EXERCISE:
Exact copy without images: repeat every entry as written.

(Records from a data source)
- Opening Delimiter -
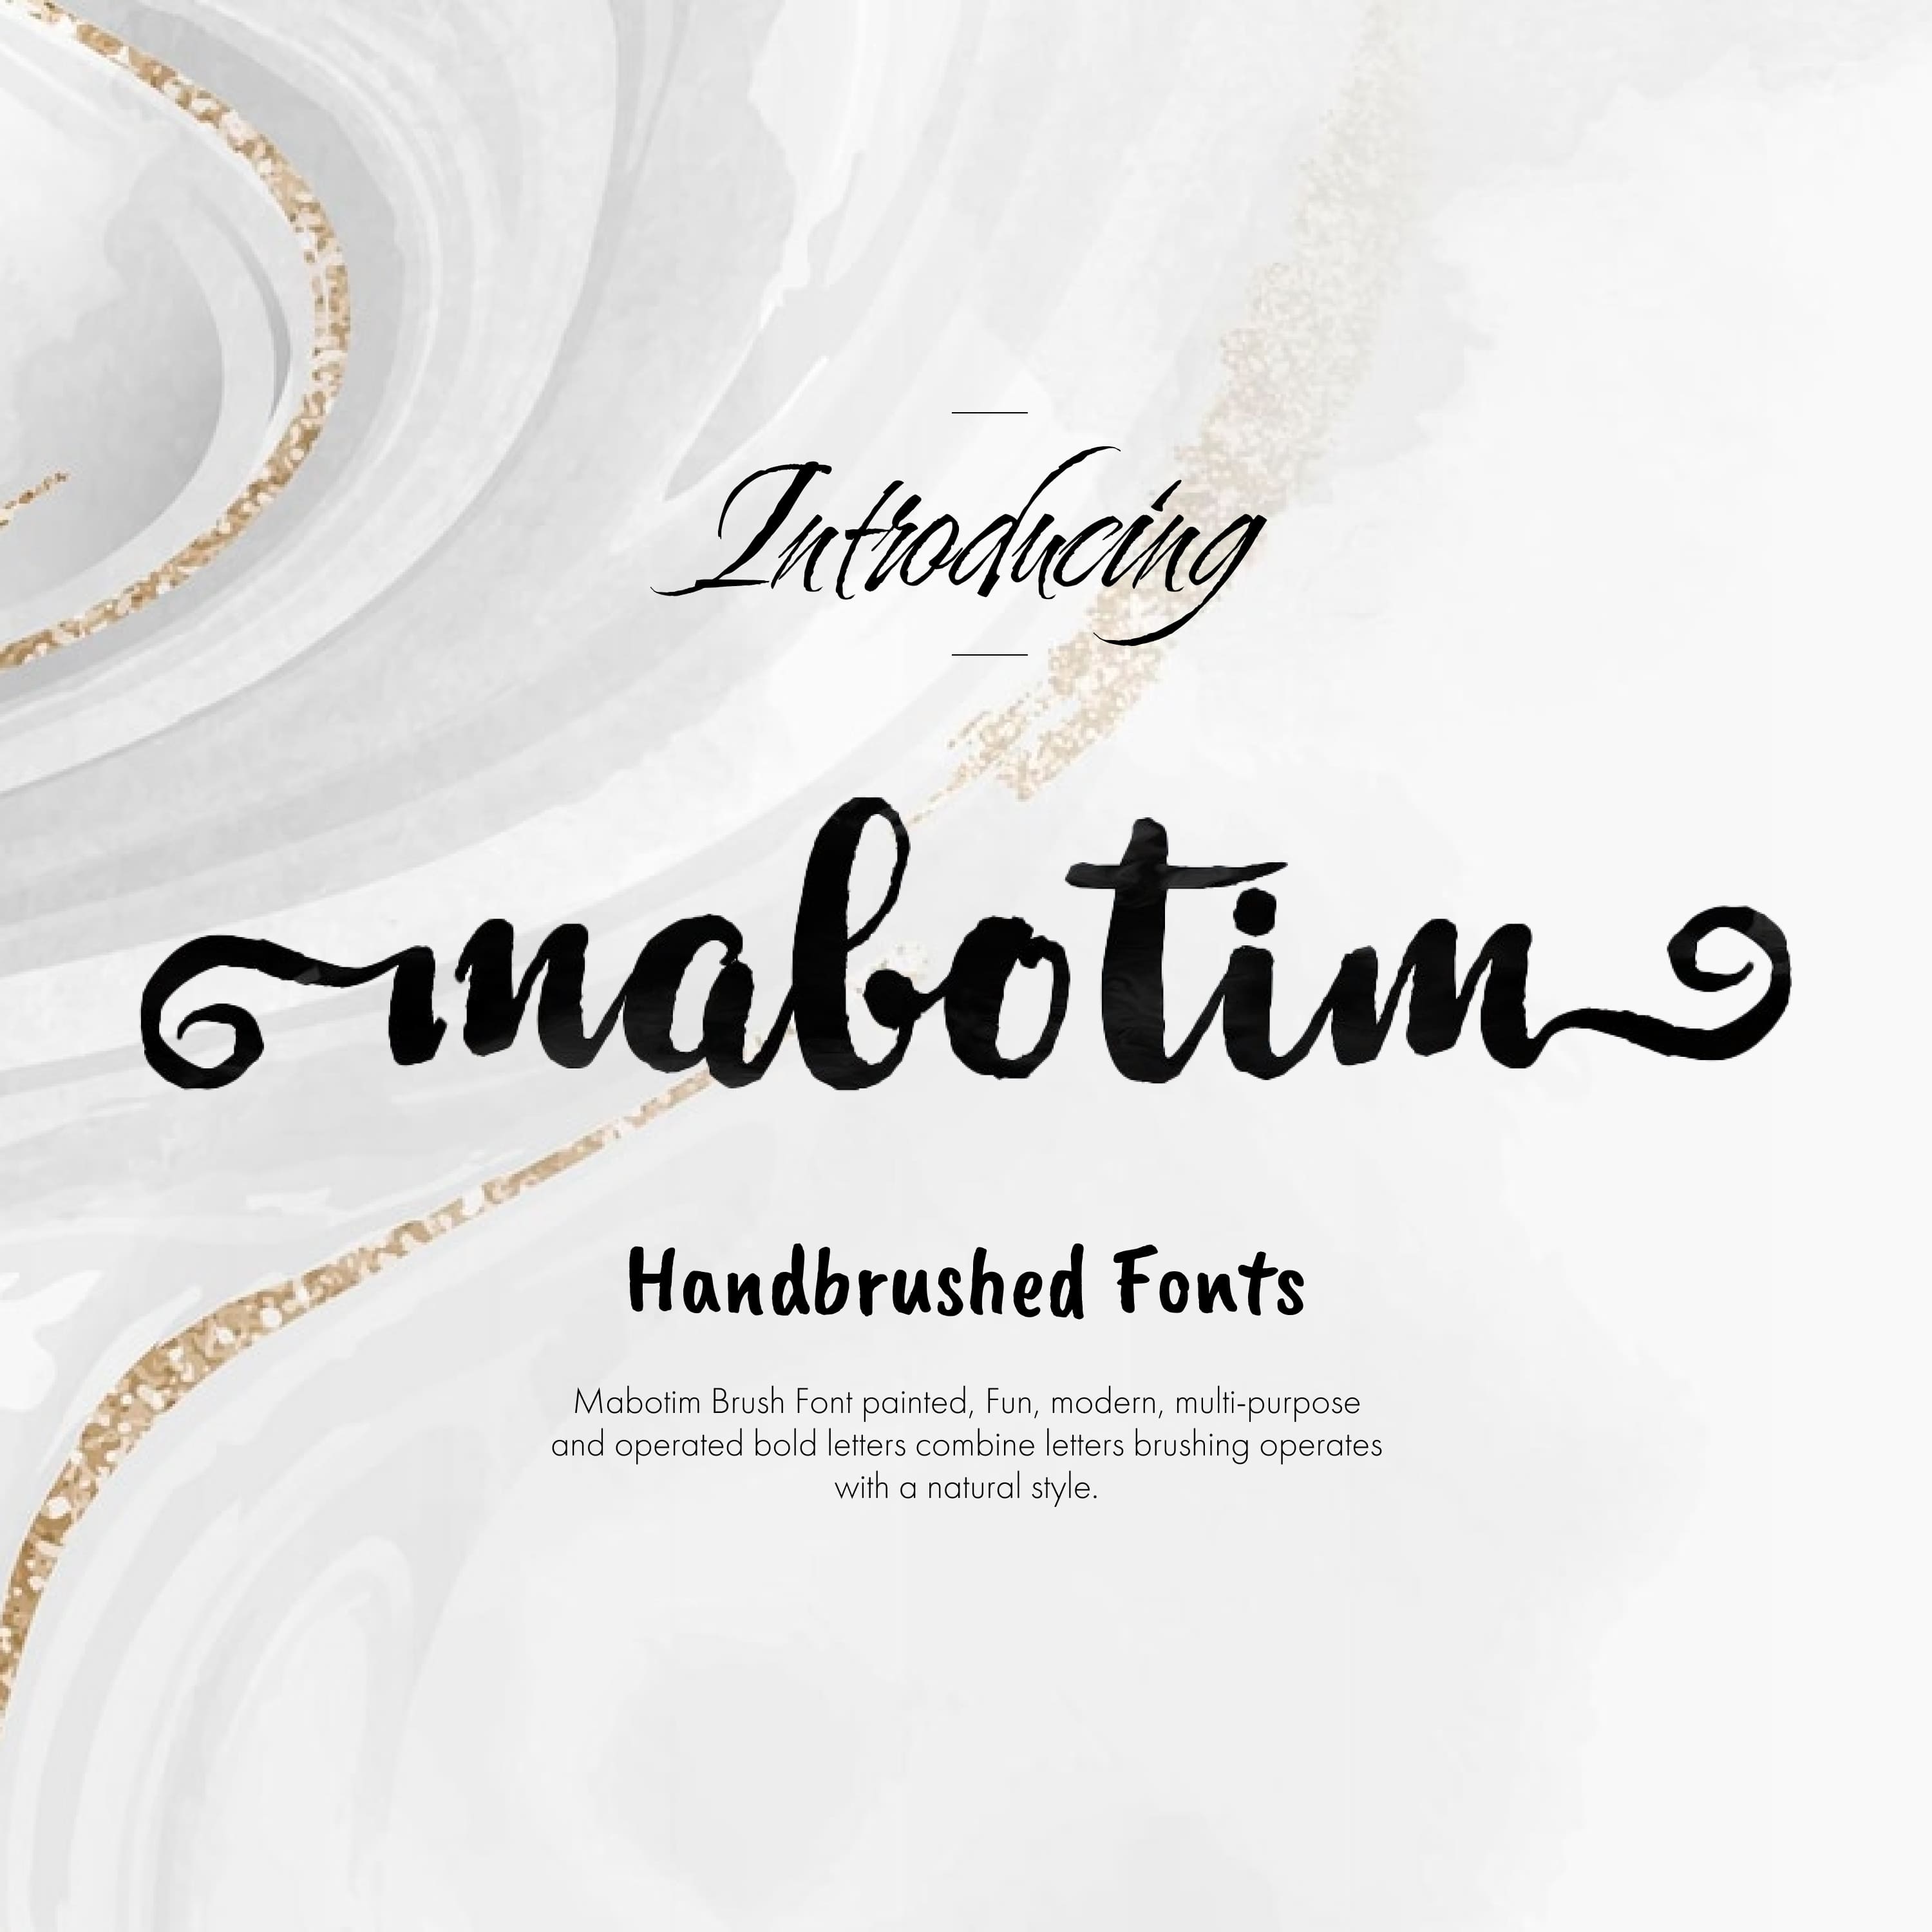 New Mabotim Brush Font cover.
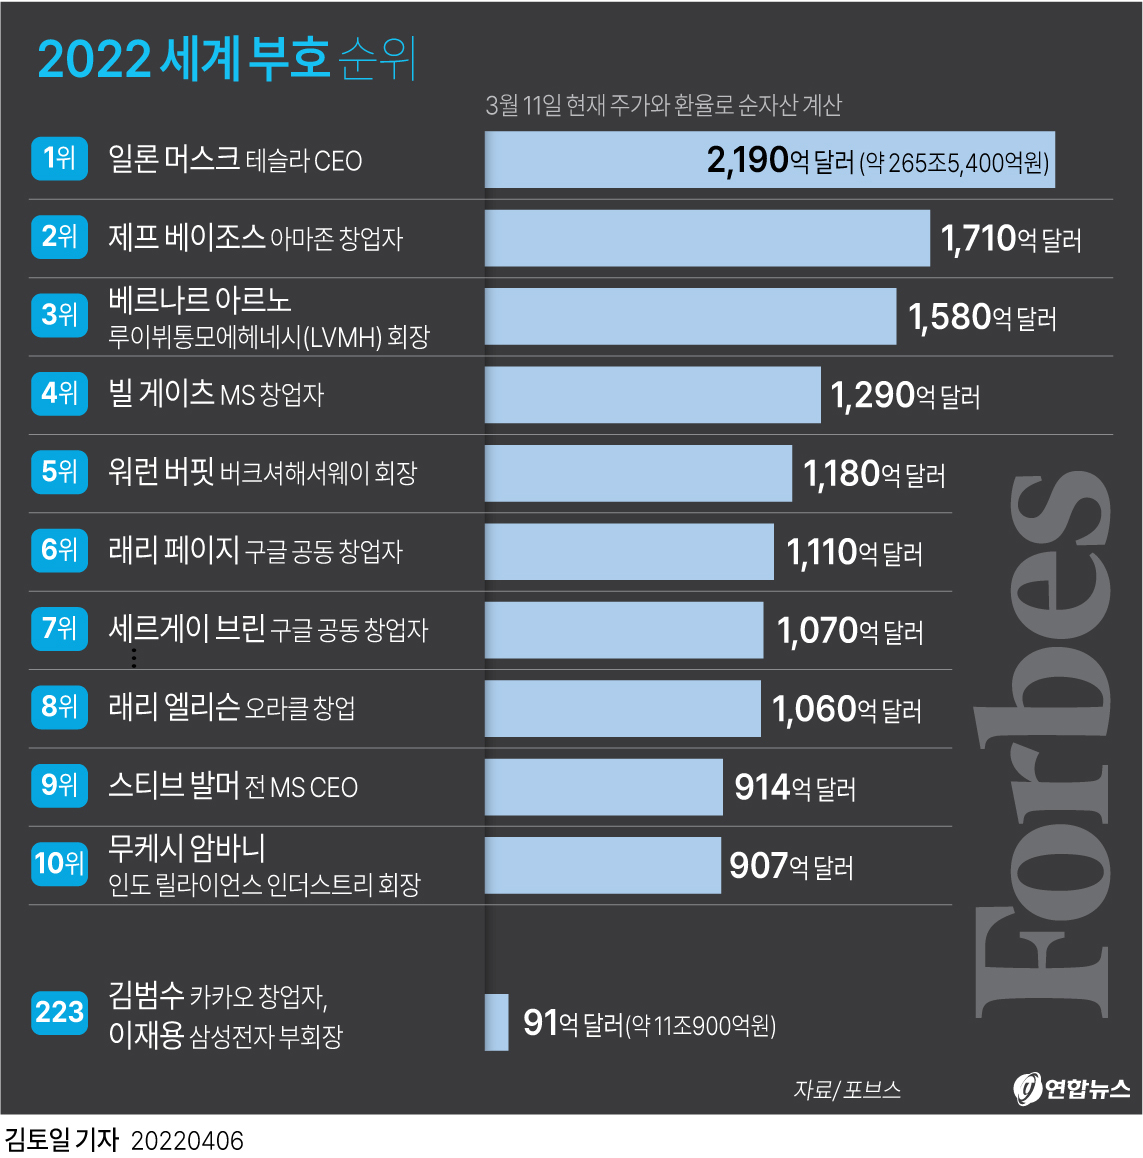 [그래픽] 2022 세계 억만장자 순위
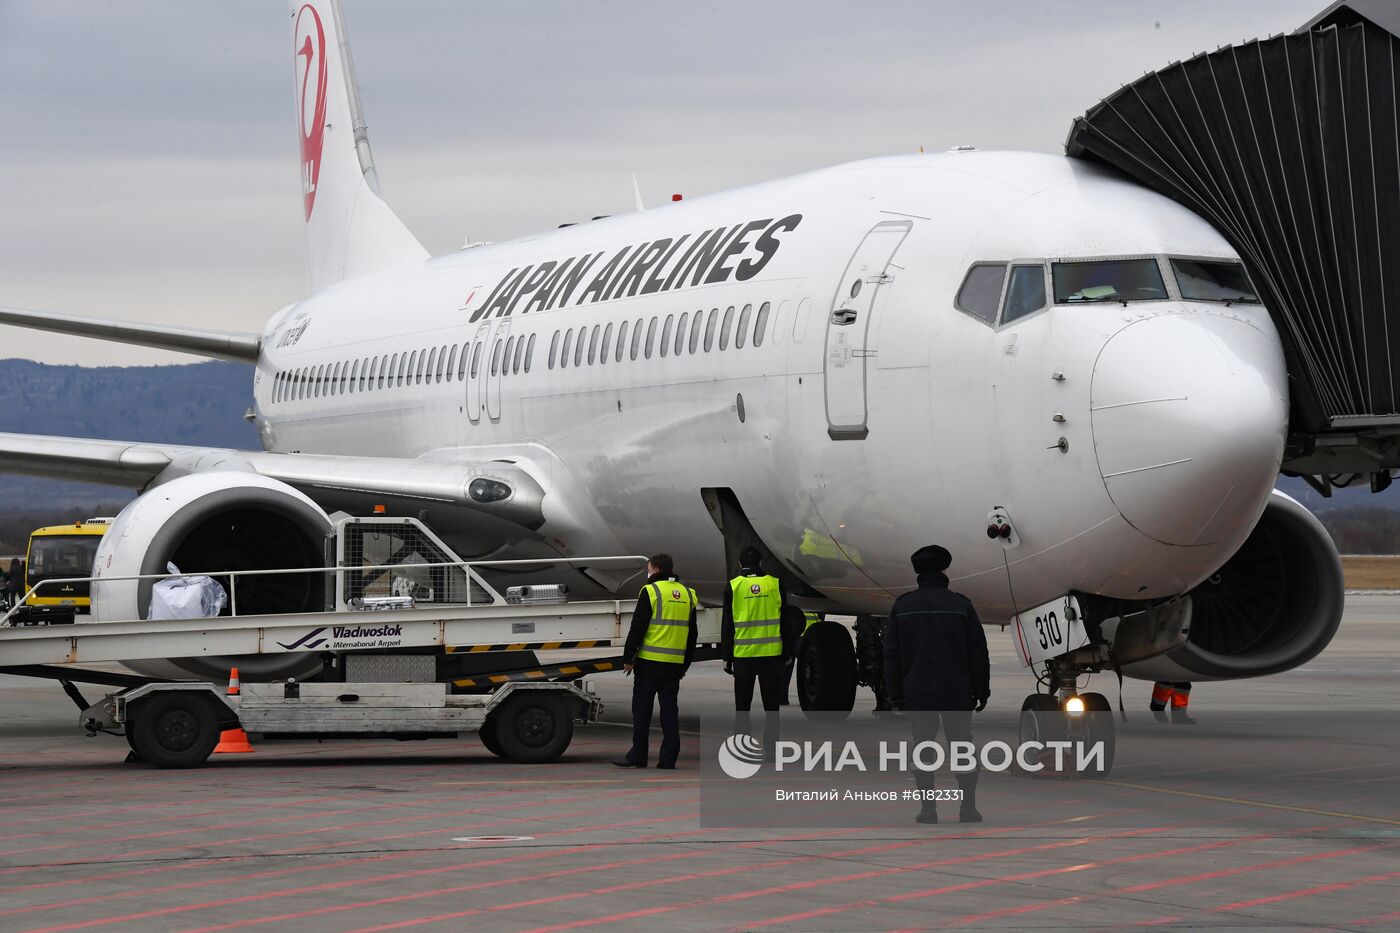 Японская авиакомпания JAL запустила прямые регулярные рейсы во Владивосток
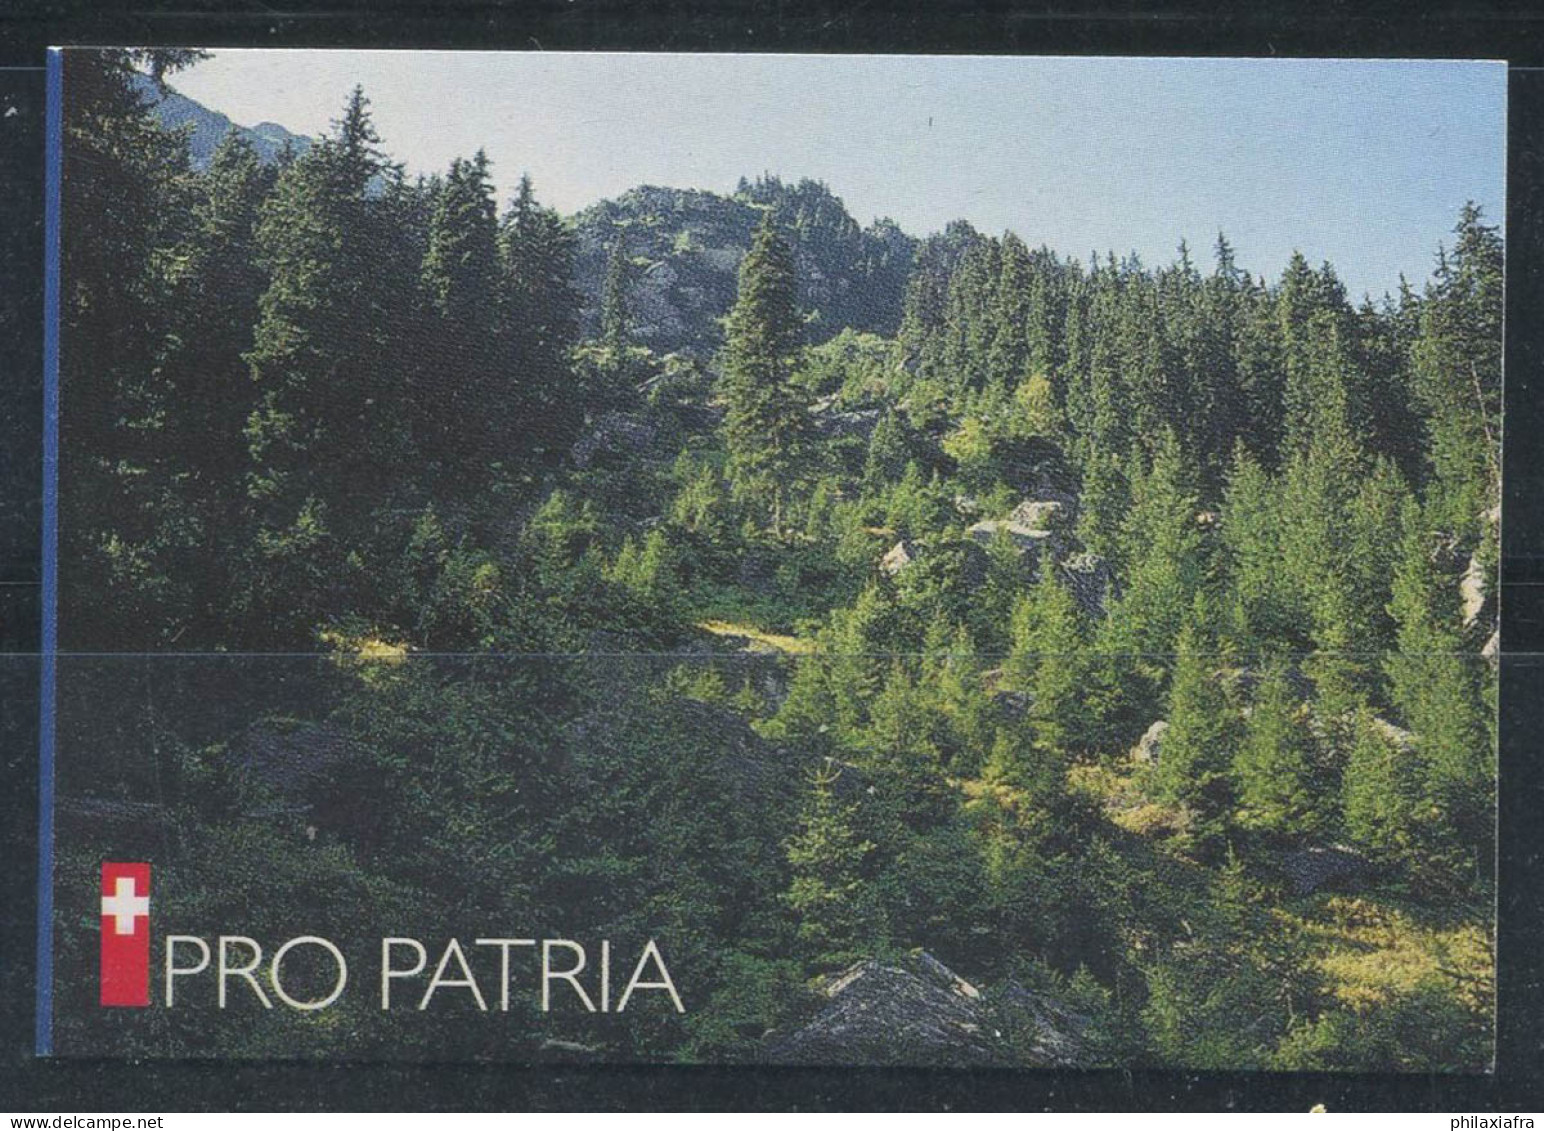 Suisse 1998 Mi. MH 0-110 Carnet 100% Pro Patria Oblitéré - Libretti
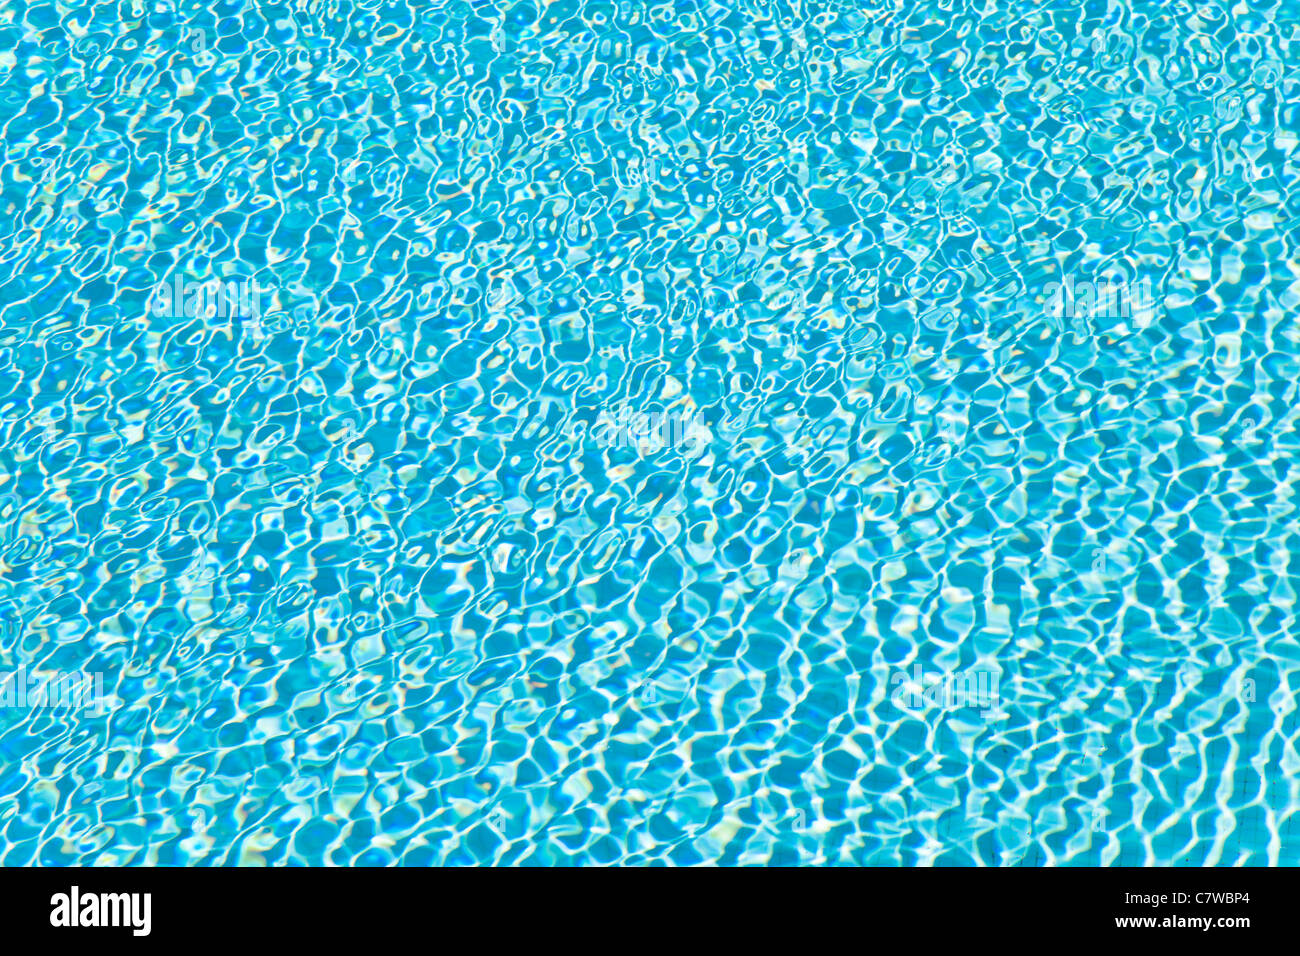 Composizione astratta dell'acqua di piscina e i suoi riflessi Foto Stock
- Closing Delimiter -
SOLVED EXERCISE:
 New Mabotim Brush Font cover.
 [그래픽] 2022 세계 억만장자 순위
 Японская авиакомпания JAL запустила прямые регулярные рейсы во Владивосток
 Suisse 1998 Mi. MH 0-110 Carnet 100% Pro Patria Oblitéré - Libretti
 Composizione astratta dell'acqua di piscina e i suoi riflessi Foto Stock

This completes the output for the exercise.